Evernote と Google の「同時検索」機能。その意味とは?
ちょっと考えないとその重要性がわからない新機能というものもあります。
今週急遽追加された Evernote の Chrome エクステンションでの Google 検索との「同時検索」機能がまさにそれです。
この機能を Chrome エクステンションのオプションで有効にすると、Chrome から Google 検索を行った際に、通常の検索リストの上部に「Evernote の関連する項目」が表示されるようになります。
ユーザーは Google の検索でヒットした項目か、Evernote の項目のいずれかを選んで探しているものに向かって舵を切ることができます。
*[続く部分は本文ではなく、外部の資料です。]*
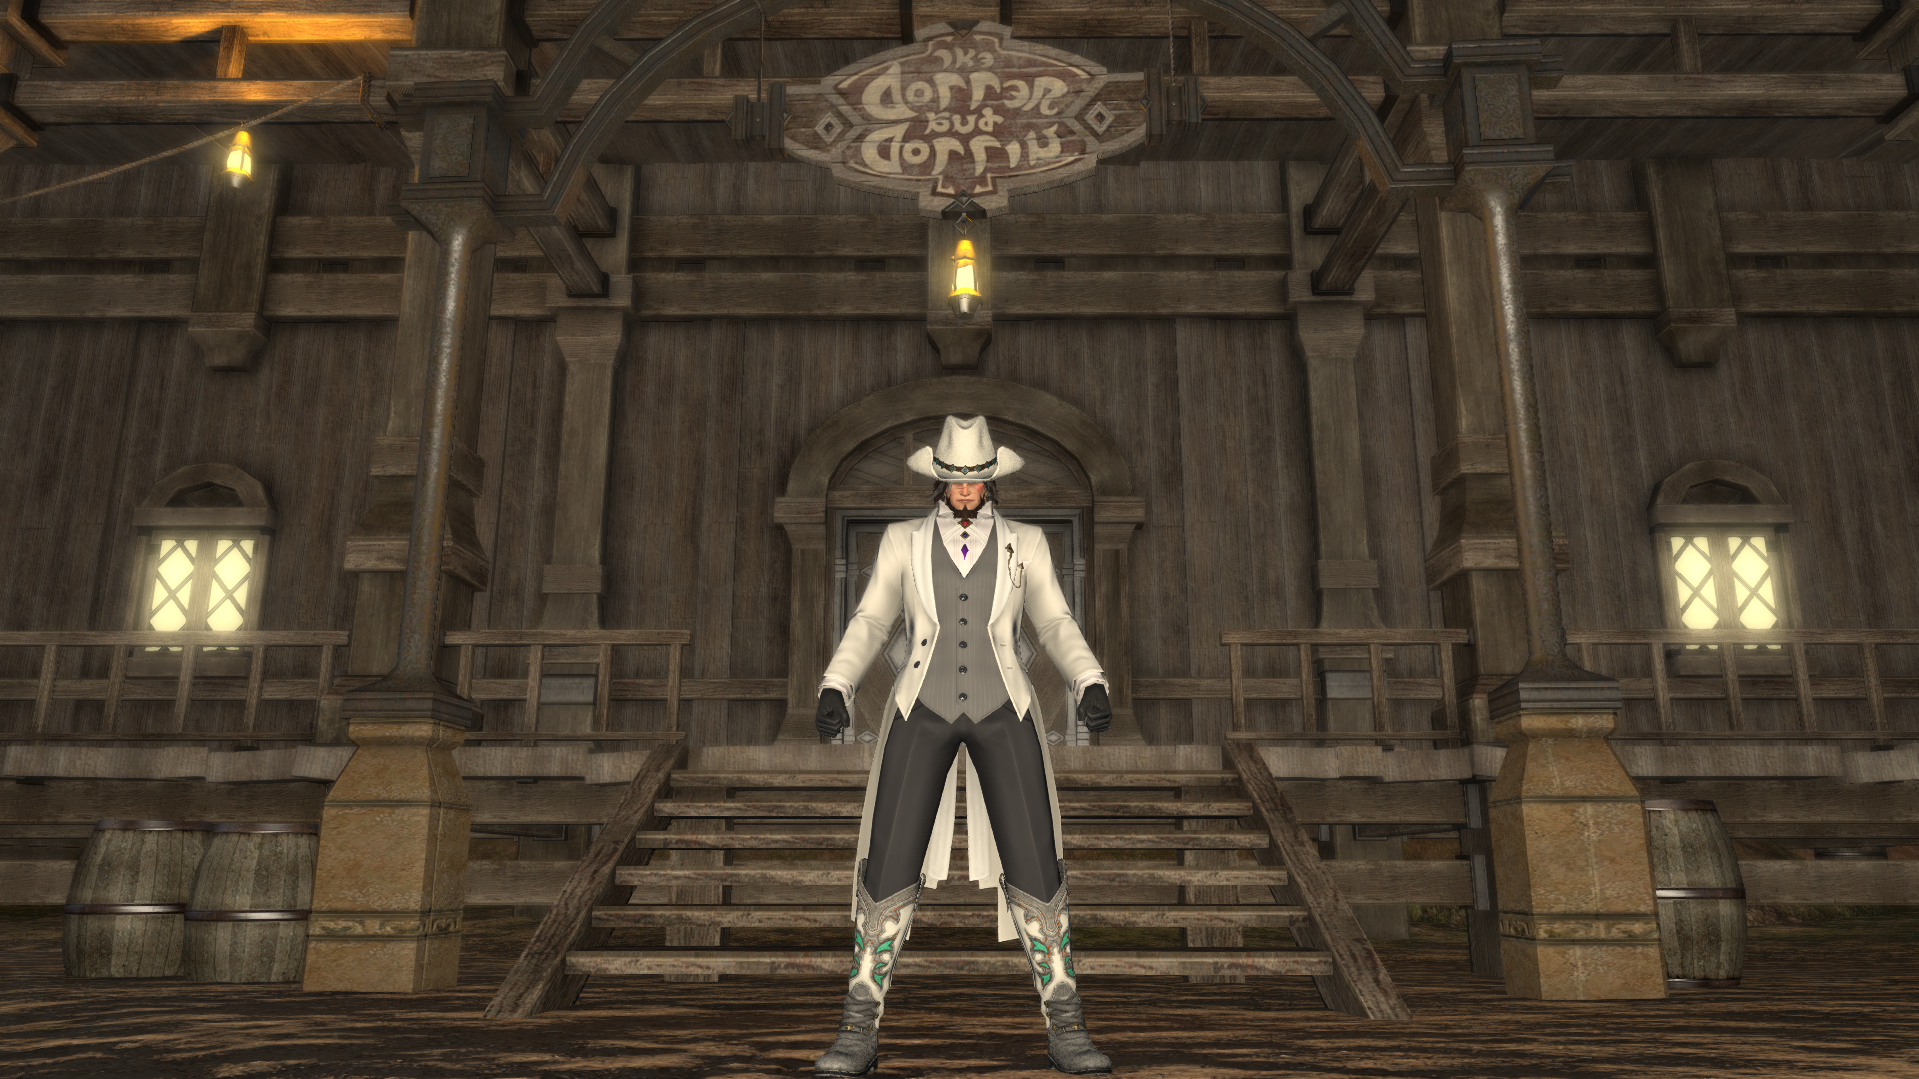 The Pale Rider

ただこの新機能、2つの検索がまったく方向性の違うものであることを意識しないとなかなか意味がわかりません。
検索の「個性化」と Evernote
実は Google 検索はここ最近ずっと検索の「個性化」を進めていました。最近ではブラウザのクッキーなどをクリアしない限り、同じキーワードで検索しても異なる結果が得られることが多くなっていたのです。
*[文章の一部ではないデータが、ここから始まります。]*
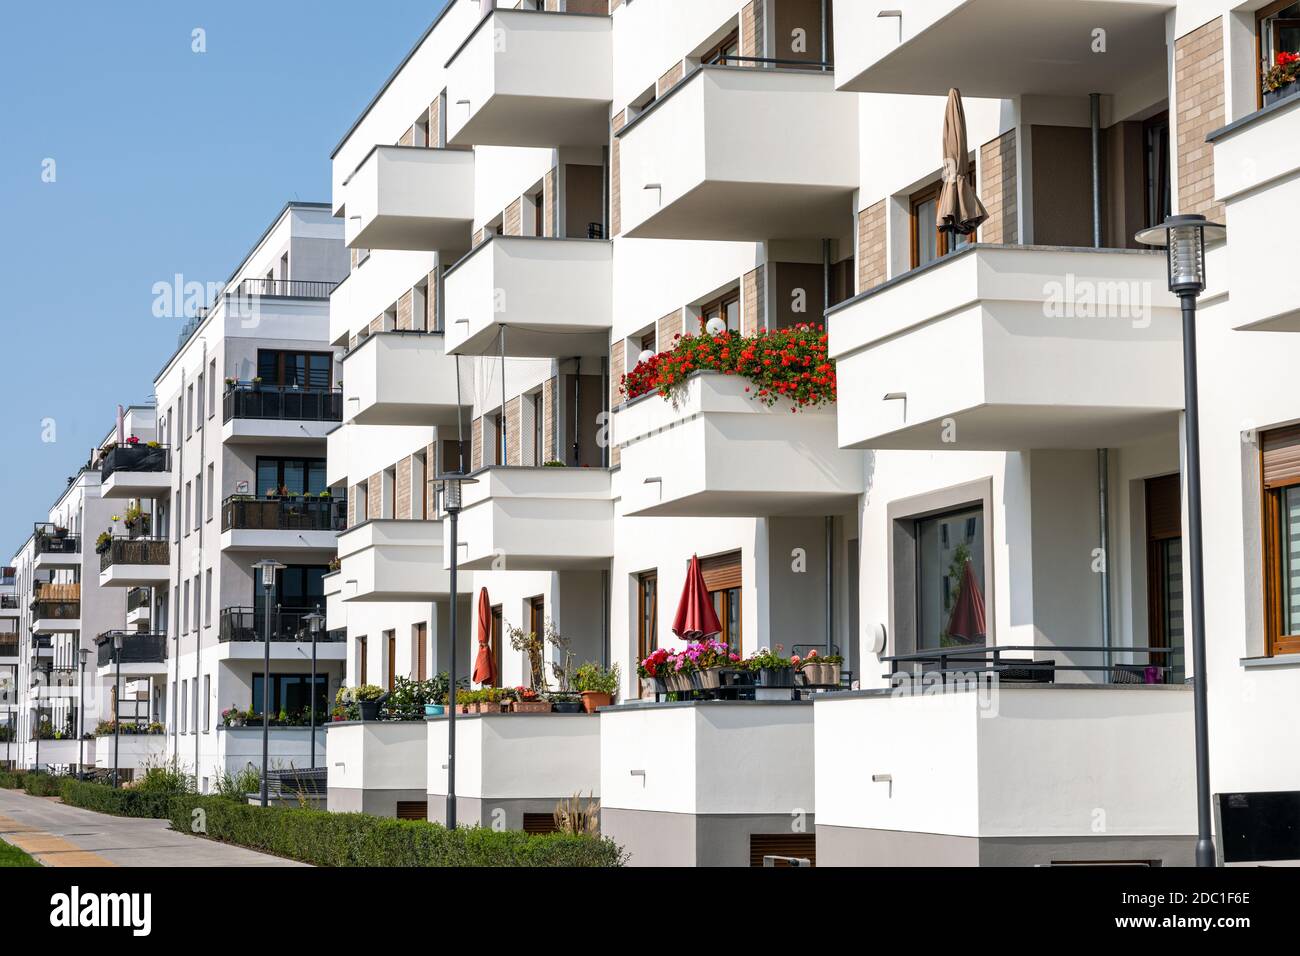 Modern apartment buildings with many balconies seen in Berlin Stock Photo

たとえば私の Chrome では「モレスキン」と検索すると、「モレスキン伝説のノート活用術」が高いランクで表示されますが、それは職場の他のパソコンで検索をした場合とは異なる結果です。私の検索後のクリック行動が検索に影響を与えているのです。
また、Google プロファイルにツイッターのアカウントなどを登録している人は、検索にソーシャルストリームが流入していることにも気づいていることでしょう。これは検索ワードについて「自分のフォローしている人がどういう発言をしているか」と検索したもので、その人その人に固有のものです。
Google はこうした検索の「個性化」を進めることで、検索がその人にカスタマイズされて表示されるようにしているわけです。
Evernote の同時検索もこのような「検索の個性化」の流れに近いですが、方向性のベクトルが 180 度異なります。
Google の検索がいかに個性化されたところで、本質的にそれは「自分がまだ触れていない情報」へのアクセスを促しています。
それに対して Evernote は「過去に自分が触れた情報」「自分が Evernote にいれるくらいには興味をもっていた情報」という側面を探し出してくれます。
このことは、過去にすでに Evernote に入れたのを忘れていた情報を取り出すのに便利なだけでなく、過去の経験を「現在知りたいこと」の検索ワードで串刺しにするという意味ももっています。
たとえばいま「記憶」というキーワードで Google 検索をした場合、Evernote の同時検索には過去に自分がクリッピングした「記憶」という文字列を含むノートを探してくれます。たとえ普段「記憶」について意識して情報を集めていなかったとしても、です。
Evernote は「第2の脳」として記憶を外部化するということを会社の目標にしていますが、こうした Evernote のプラットフォーム化は、それがあながち冗談ではないことをしめしています。
脳の中と外を同時に検索しているような不思議な感覚がしますが、ぜひ利用してみてください。